Fakhfouri, G.; Lemasson, M.; Manta, S.; Rainer, Q.; Zirak, M. R.; GIROS, B.; Beaulieu, J. M.

2026-03-31 neuroscience
10.64898/2026.03.29.715084 bioRxiv
Show abstract

Major depressive disorder (MDD) is a common psychiatric illness with a high proportion of patients being nonresponsive to therapy. Selective serotonin reuptake inhibitors (SSRI) are widely prescribed for treating depression. Chronic SSRI administration is needed for therapeutic effects, a process implicating in part, increased neurogenesis in the hippocampus. Recent genome wide association studies (GWAS) identified the DrD2 locus, which encodes the dopamine D2 receptor (D2R) as a major risk factor in MDD. Here we demonstrate that behavioural effects associated with chronic administration of the SSRI drug fluoxetine and its accompanying neurogenic effects require D2R. Administration of fluoxetine to congenital D2R-knockout mice, or co-administration of the antidepressant with the antipsychotic D2R antagonist drug haloperidol prevented the neurogenic effects of fluoxetine. Furthermore, while acute behavioural responses to fluoxetine did not require D2R, this receptor was essential for the behavioural effects of chronic fluoxetine.
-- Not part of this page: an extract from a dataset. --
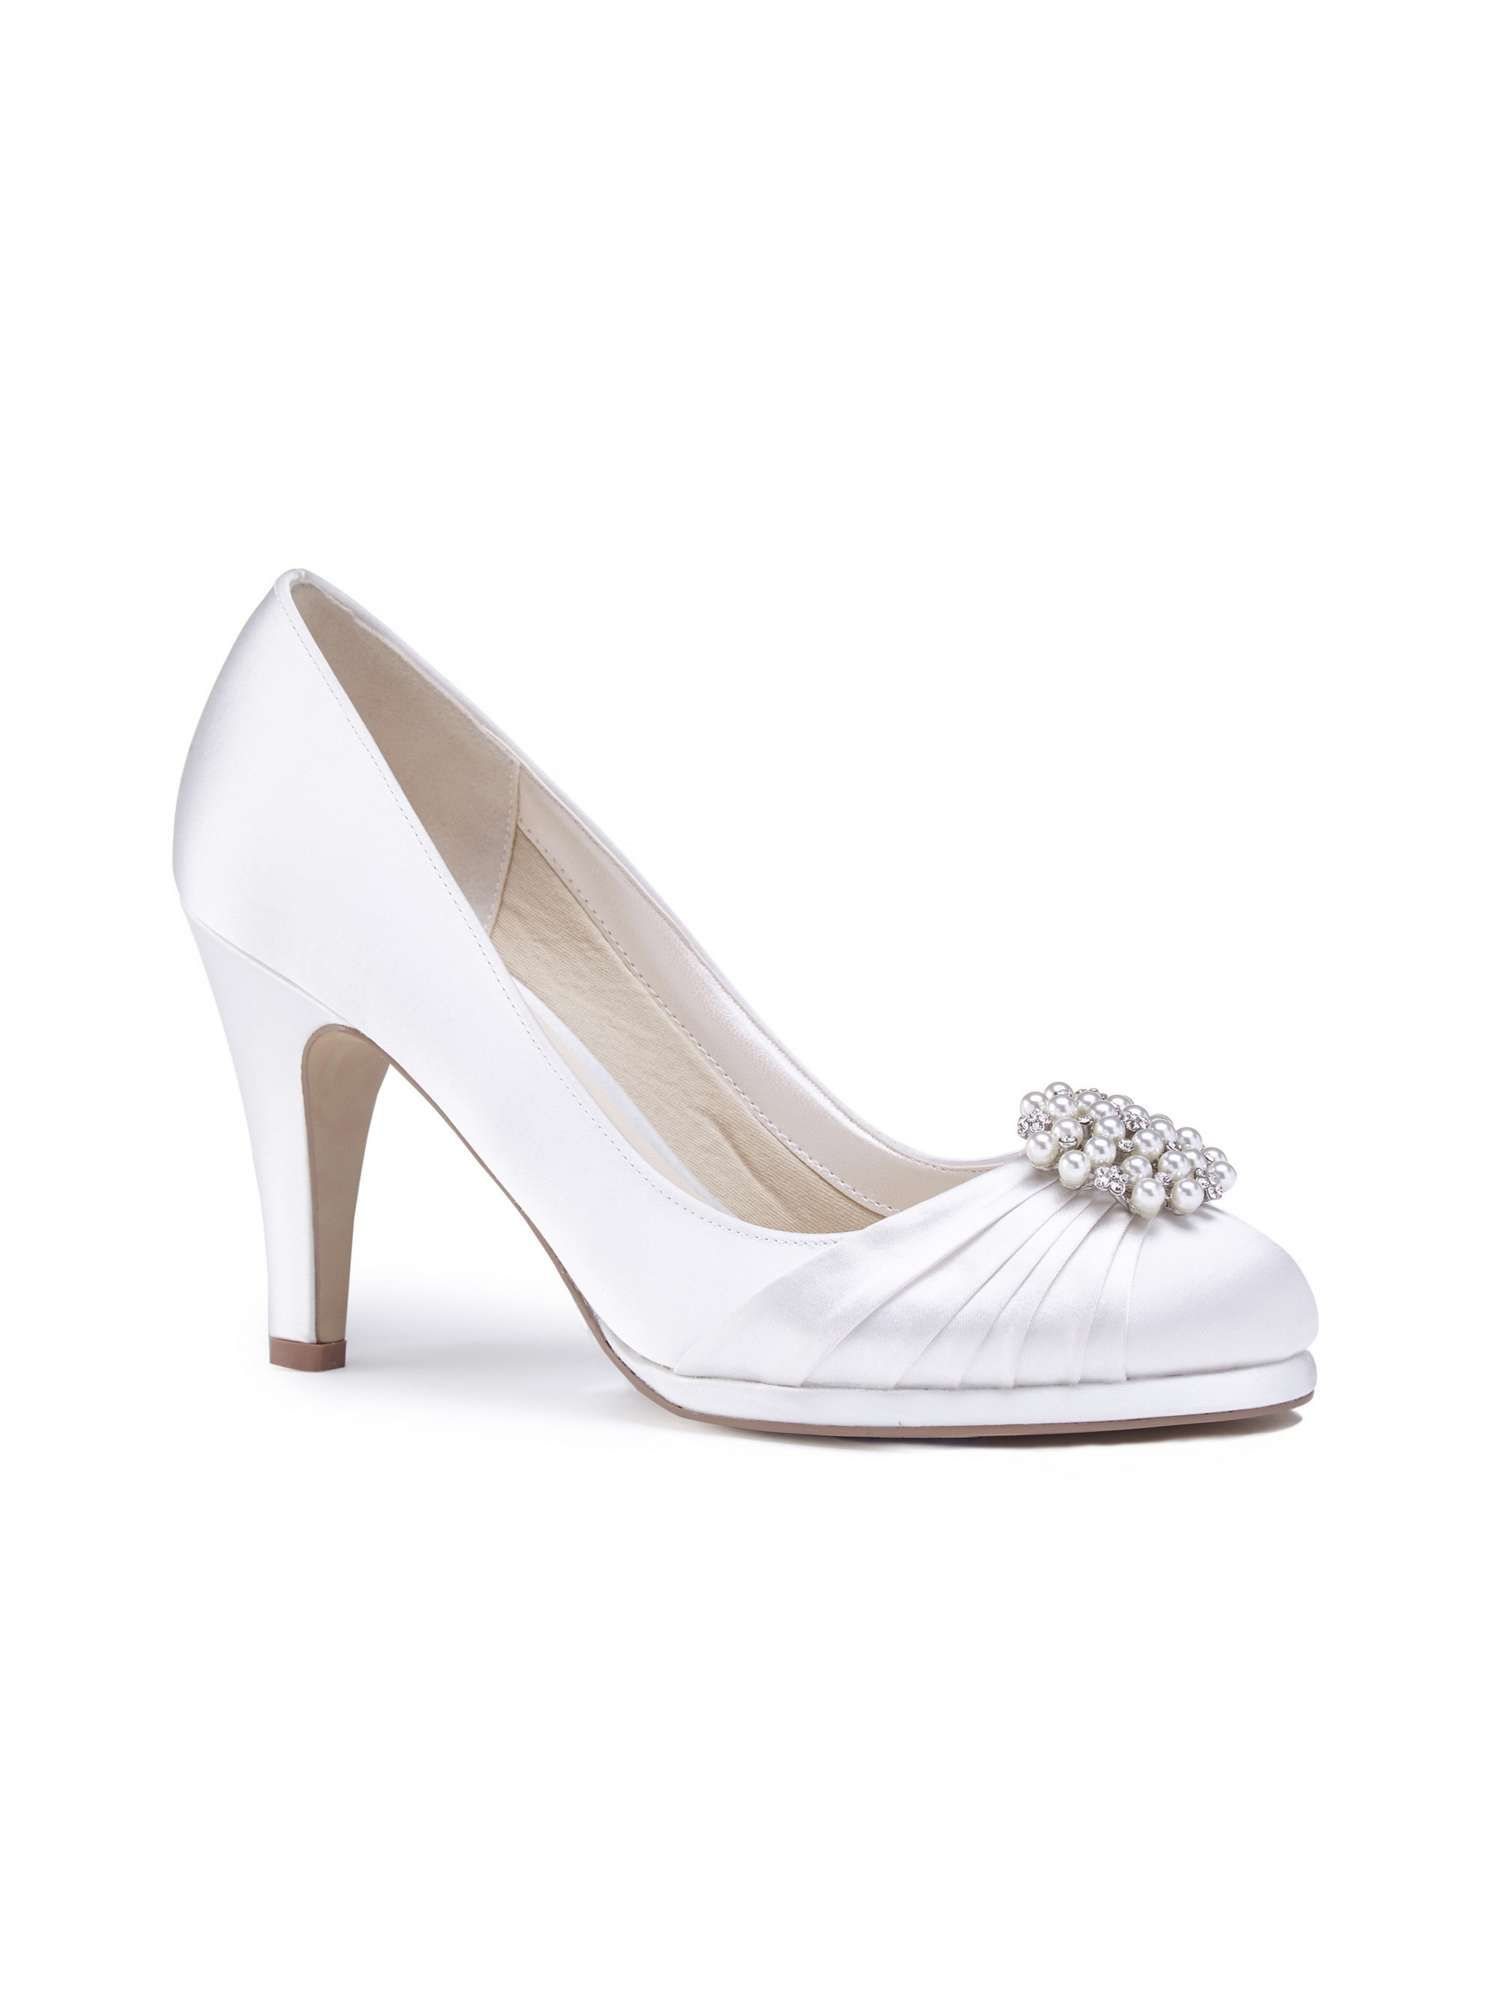 Paradox London Pink Amaia High Heel Platform Court Shoes | Pinterest ...
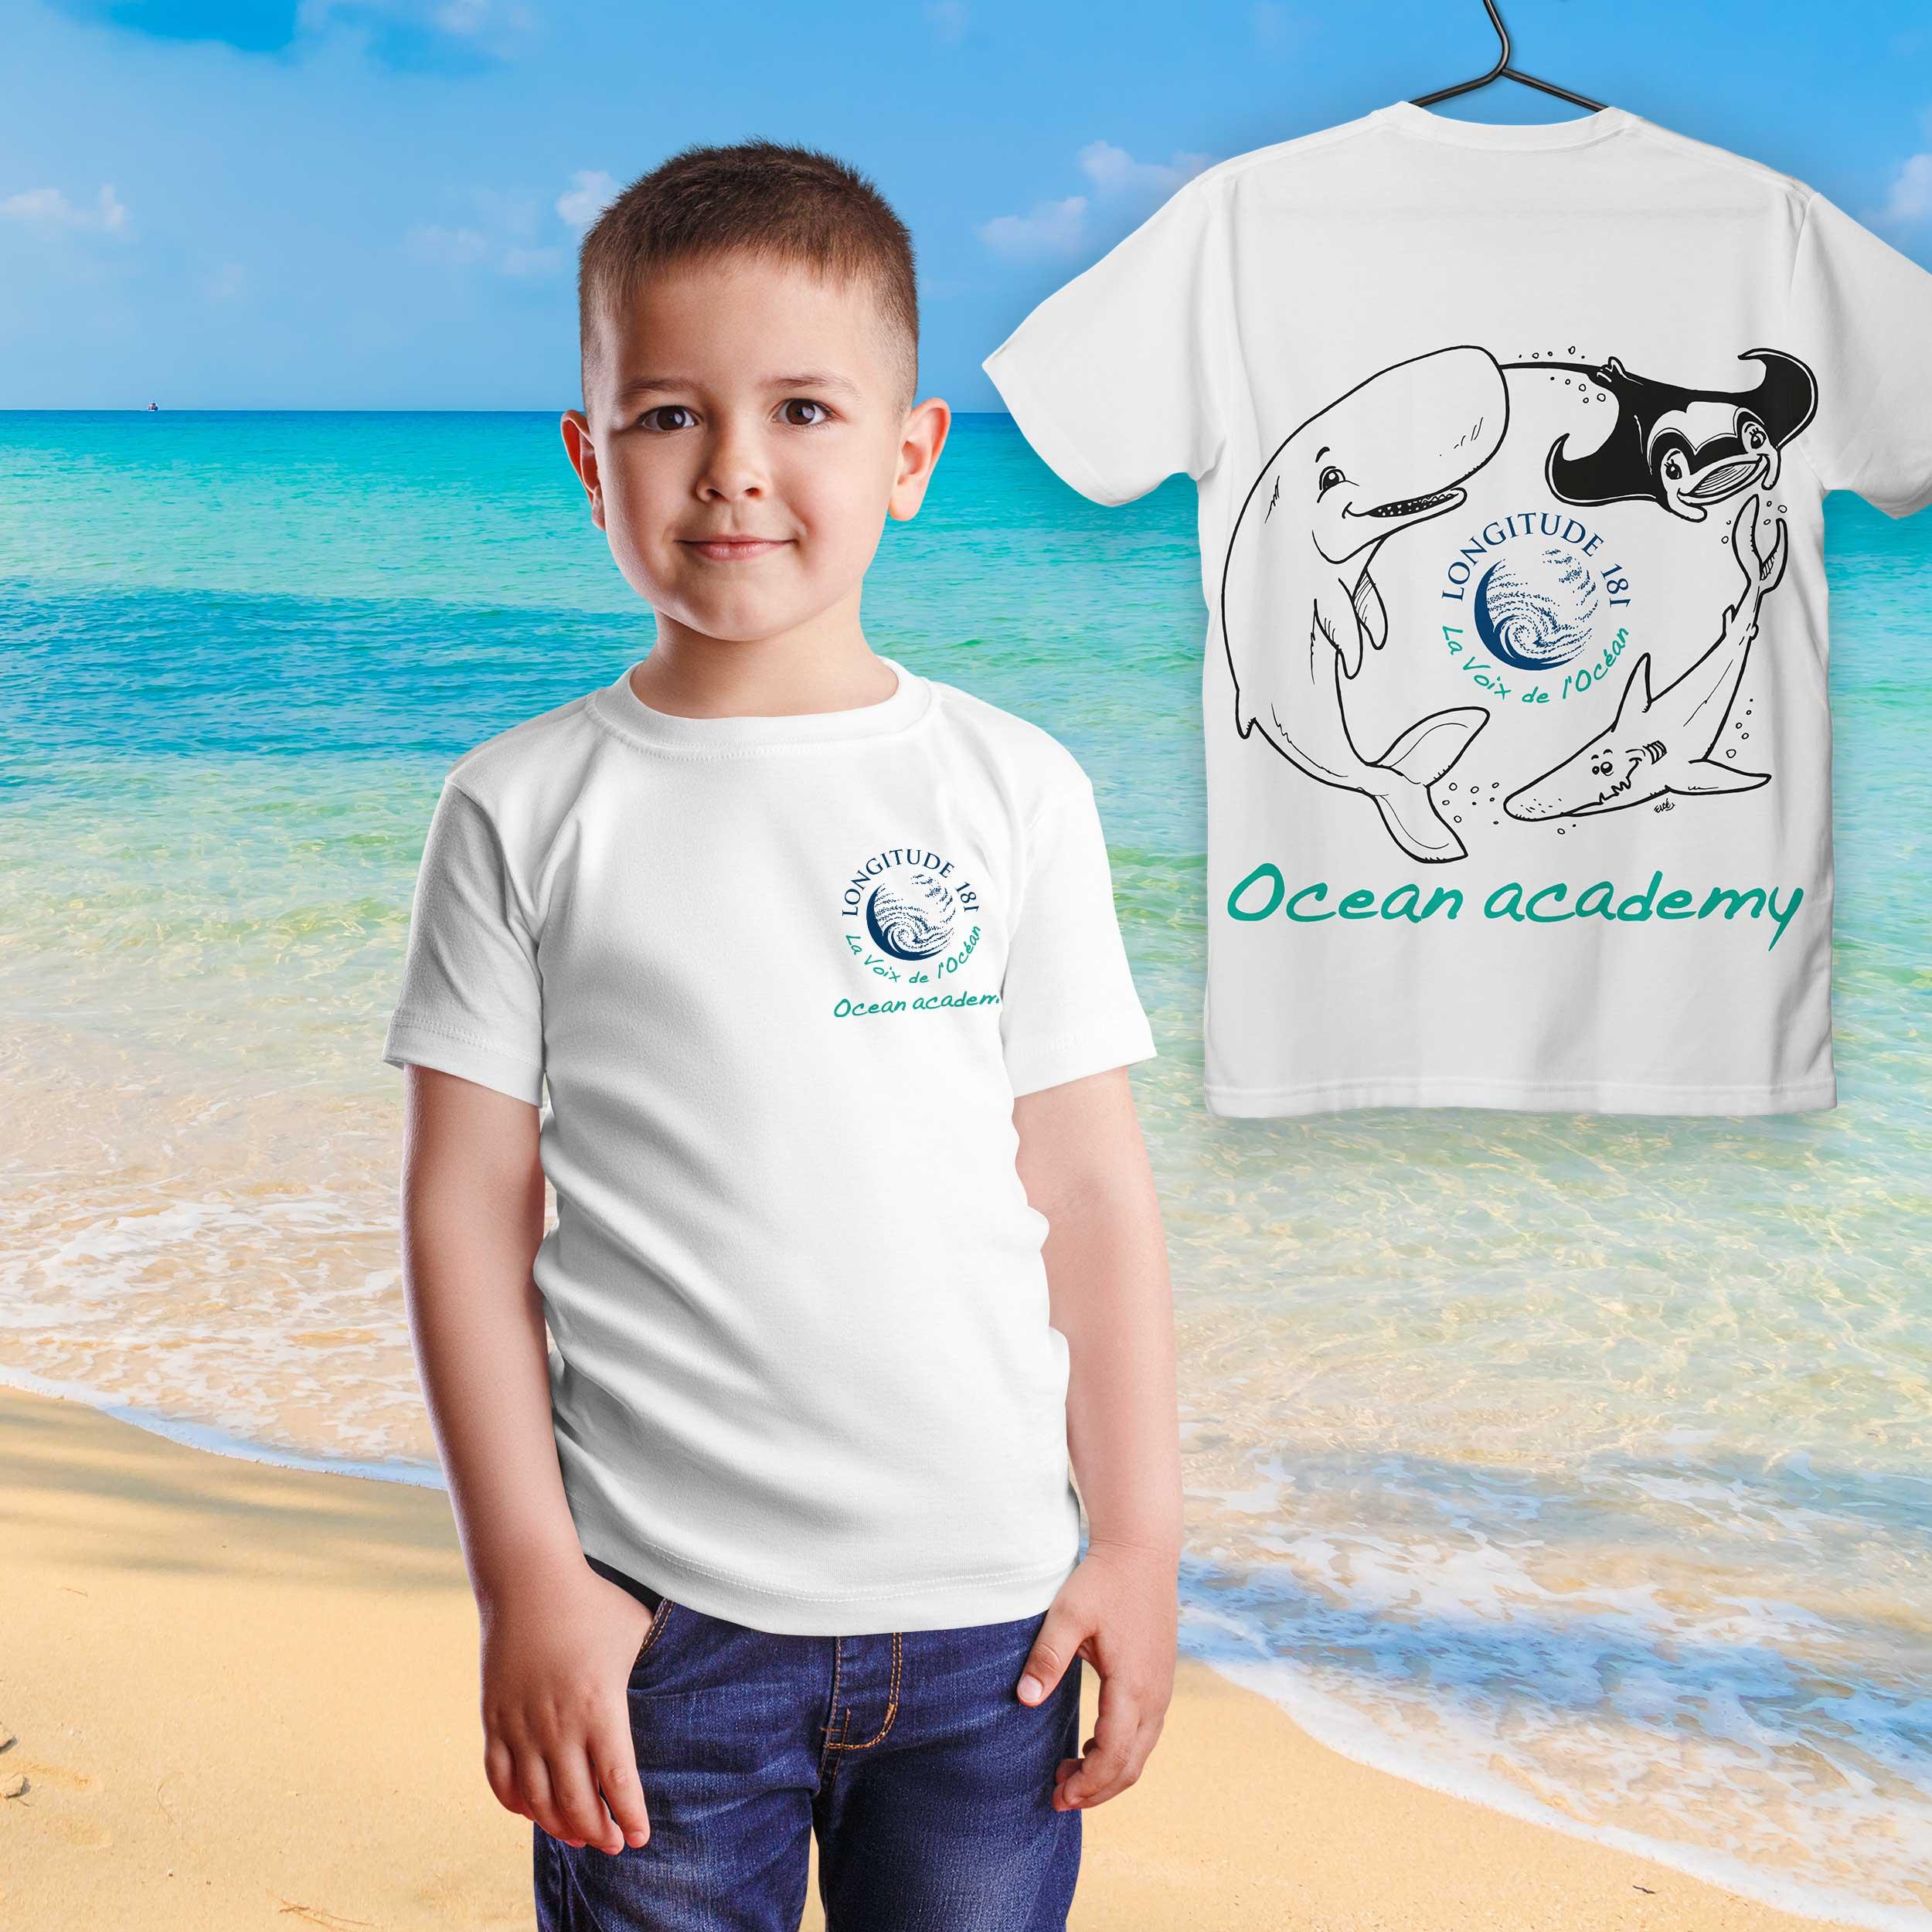 MESit Longitude T shirt enfant garcon ocean academy

The neurogenic impact of chronic fluoxetine was further associated with beta-arrestin 2-mediated signalling and the hippocampal regulation of the pro-neurogenic factor BDNF. These results support a role of D2R in regulating the therapeutically relevant chronic effects of fluoxetine on mood, BDNF signalling, and associated hippocampal neurogenesis. Furthermore, our findings suggest an unappreciated interaction between genetic risk for MDD and treatment responsiveness as well as a negative interaction between SSRIs and antipsychotic drugs in the regulation of hippocampal neurogenesis.